## What is needed
Pictures stay out; everything else in the listing below is to be restated word for word.

## Data excerpt
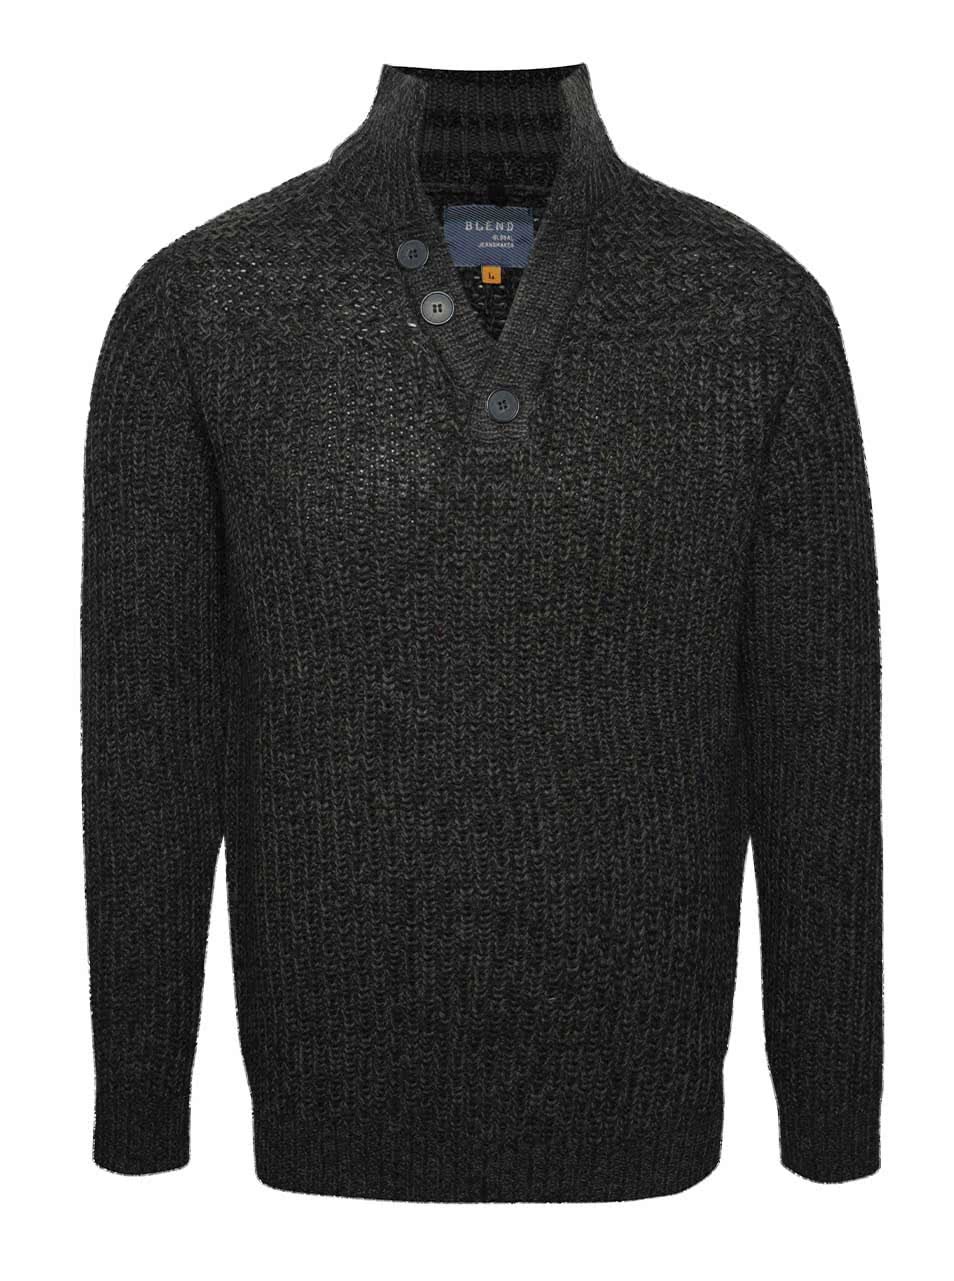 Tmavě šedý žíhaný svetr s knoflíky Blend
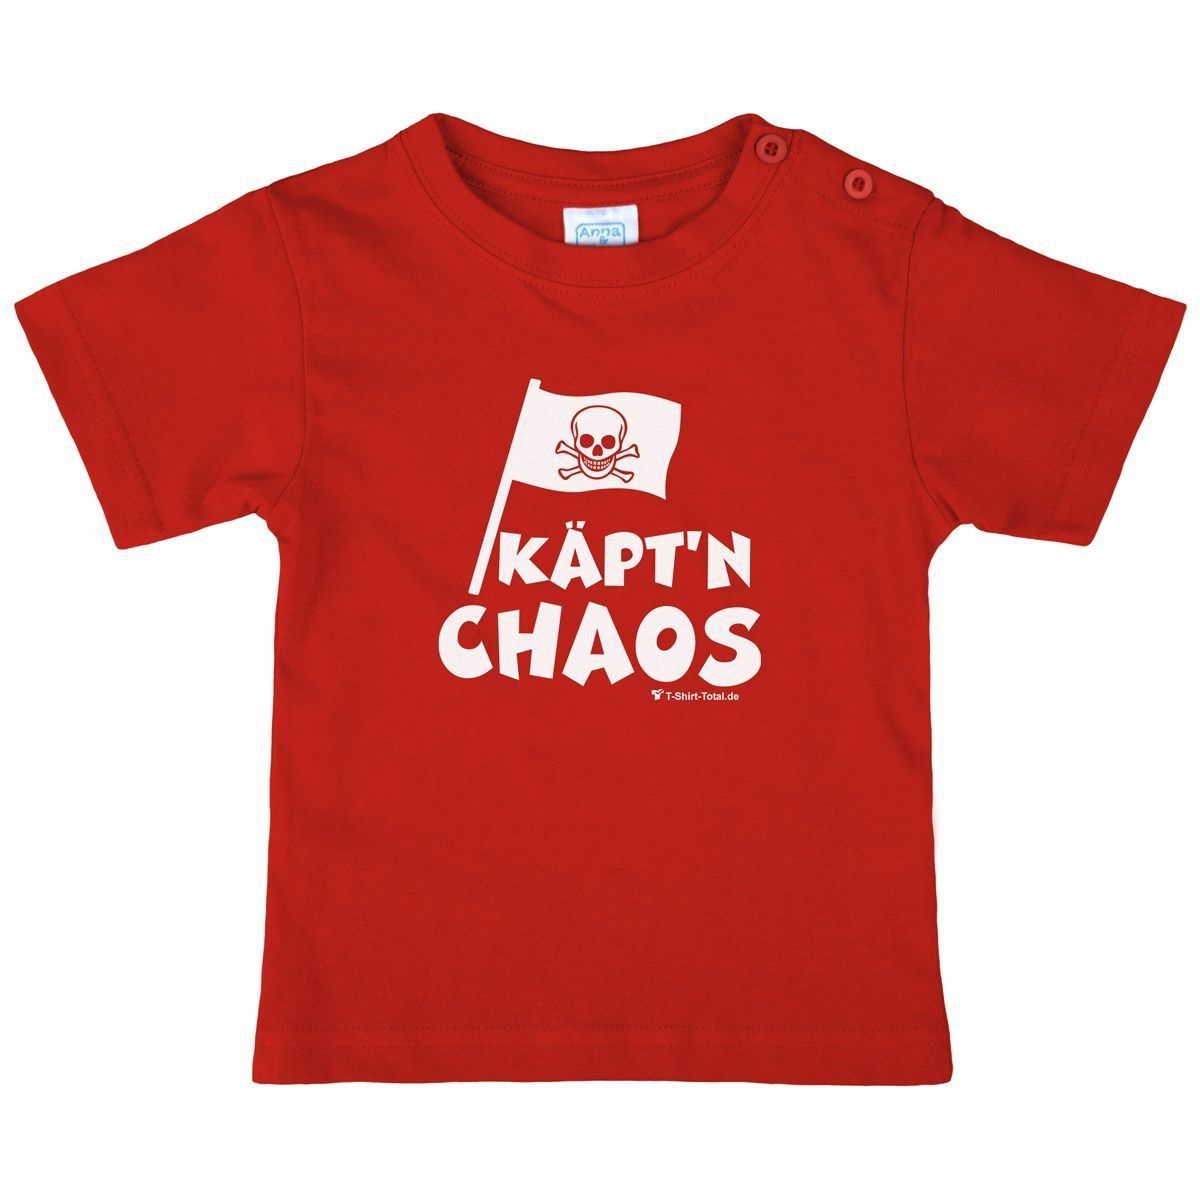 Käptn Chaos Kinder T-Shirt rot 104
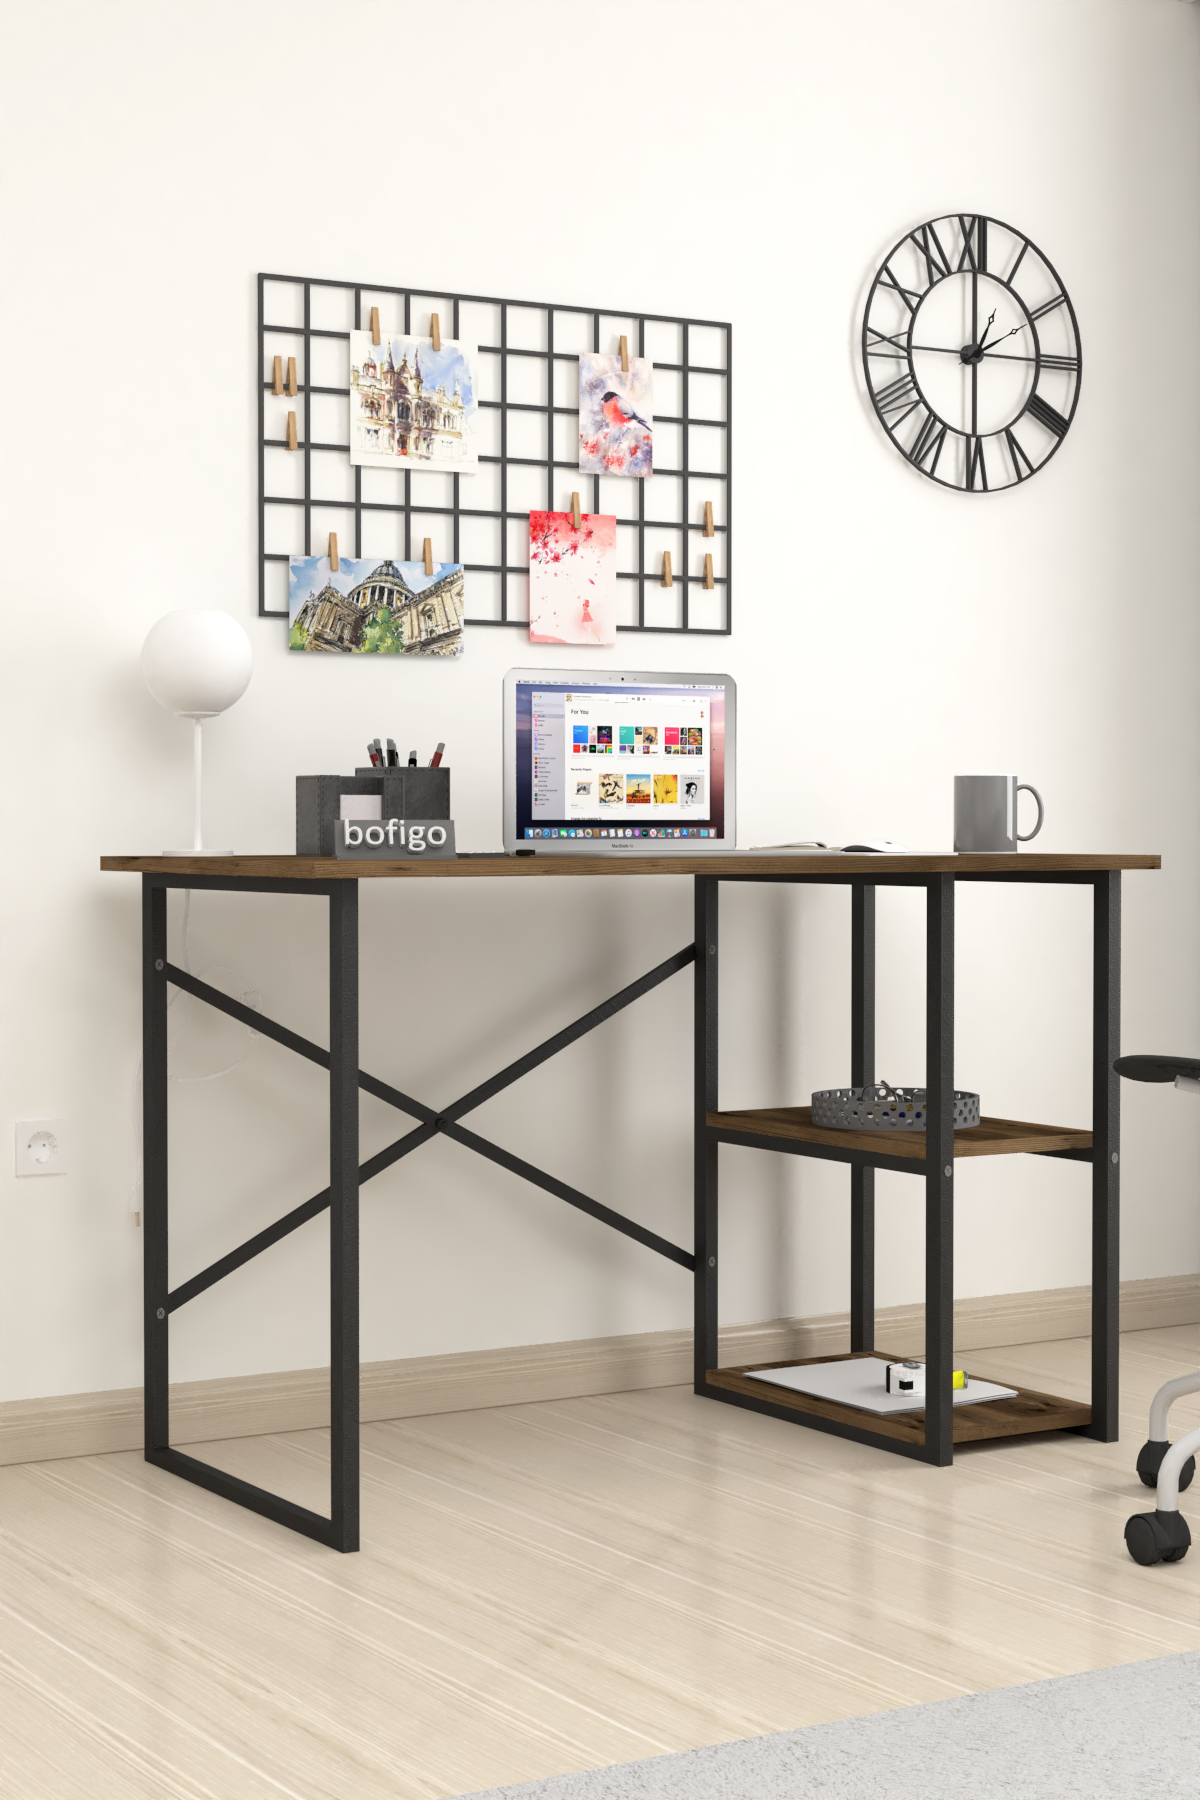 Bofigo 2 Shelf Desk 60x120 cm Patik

## Response to the task
 Tmavě šedý žíhaný svetr s knoflíky Blend
 Käptn Chaos Kinder T-Shirt rot 104
 Bofigo 2 Shelf Desk 60x120 cm Patik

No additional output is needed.